# Polk RC85i in wall speakers any good ?



## mandtra (Aug 30, 2010)

I'm planning on using two pairs of the Polk RC85i in wall speakers for surrounds in my theater room. the main speaker is a 8" driver with an aim able tweeter .They have been marked down to $ 149.00 a pair. I plan on building in wall boxes and lining them with insulation to help as well. I'm not concerned about them matching my other speakers which is Infinity Classia series mains , center , and sub. and my AV-RX is a Onkyo 807 I;m more interested in saving the money , as long as they deliver clean crisp sound (for movies) If you have tried these out , I would like to know what you think

Is there a better choice for $ 150 or so, per PAIR ?
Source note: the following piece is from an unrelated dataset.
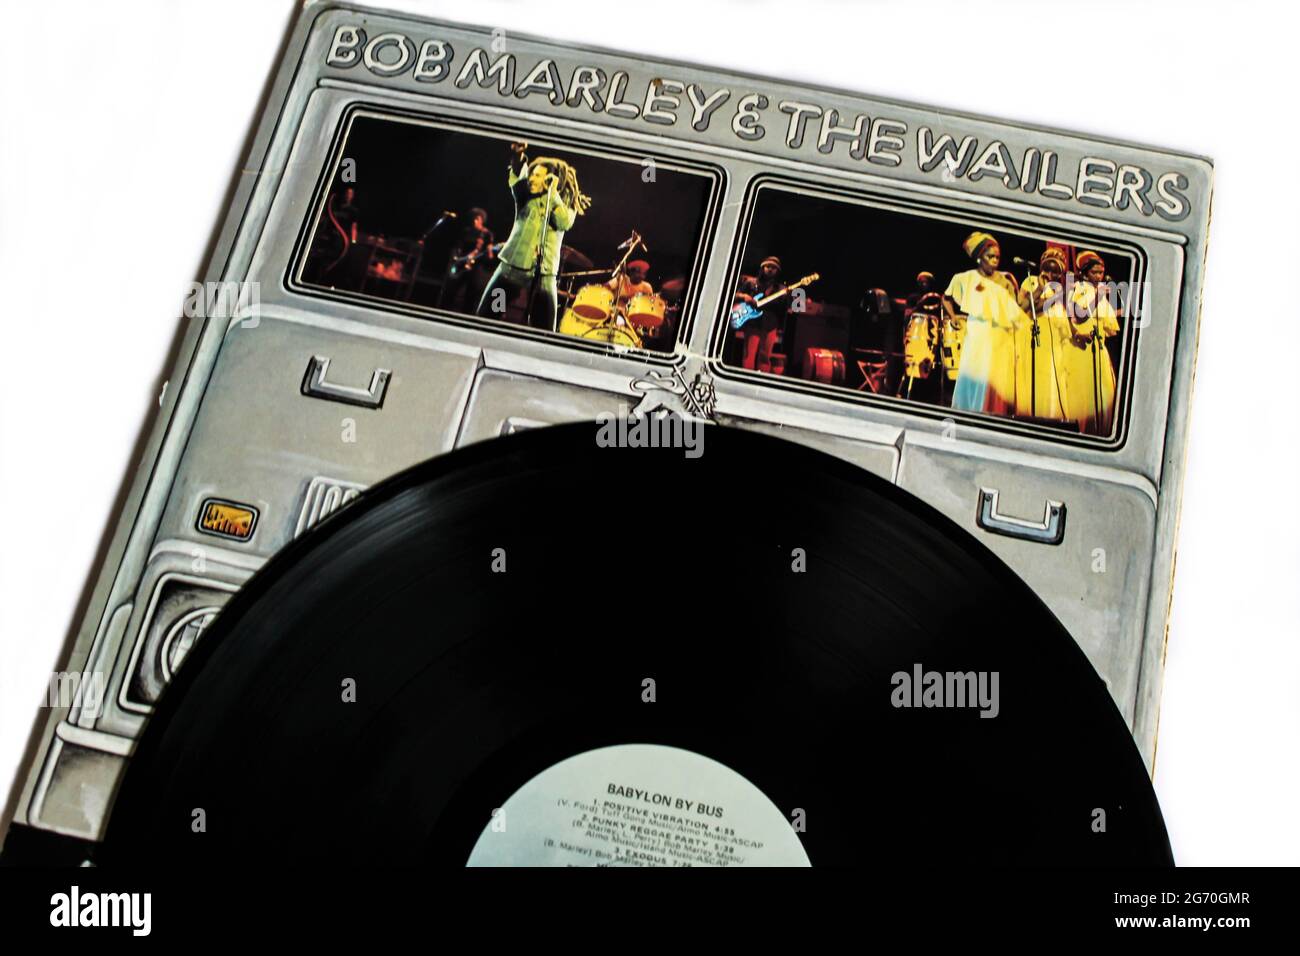 Reggae-Künstler, Bob Marley und das Wailers-Musikalbum auf Vinyl-LP. Titel: Babylon by Bus Albumcover Stockfoto

P.S. I need to use in-walls for the space saving in the back of the room, i could buy the matching bookshelf (Classia) for $99 each. but that would take up 12" more of wall space


----------



## drdoan (Aug 30, 2006)

Surrounds are not as critical for speaker matching. However, the better the match, the better the sound experience. Have fun. Dennis


----------



## mandtra (Aug 30, 2010)

i have not been able to find anywhere to demo them. Though I have demo'd the Polk Monitor series and i liked how they sounded just fine. But I have no experience with in-walls . 

Anyone else?


----------



## bambino (Feb 21, 2010)

I've got Parasound in-walls in my front room for rear surround duty, honestly i'm not impressed with in-walls i did quite abit of structuring of the inside of the wall to help improve the sound (which it did help) your on the right path by doing back-boxes for them and being that they are for your rear surround setup i don't think you'll be dissapointed by them, now if they were for your front stage i would have a different opinion.:T


----------



## mandtra (Aug 30, 2010)

I cant believe no one on this forum has these Polk speakers


----------



## nholmes1 (Oct 7, 2010)

If you want to make the drive down to Gainesville I know I place that has them installed and setup for demo.

They are decent speakers for sure and at that cost quite a steal, the back box will help tighten up the bass and also help with sound isolation.


----------



## mandtra (Aug 30, 2010)

Gainesville is a little far to drive , but thanks. I was able to recently listen to the Martain logan Helos 20 round in ceiling , and the Polk rc65I , The Logan sounded a little better I guess , but very close to me. What about Speakercraft? I read they have some models that the woofers and tweeters tilt


----------



## lsiberian (Mar 24, 2009)

Yamaha makes some pretty inexpensive surrounds for in wall, but on-wall is probably better. Check out the KEF stuff for ON-Wall surrounds. I use the 2001 series for my surrounds.


----------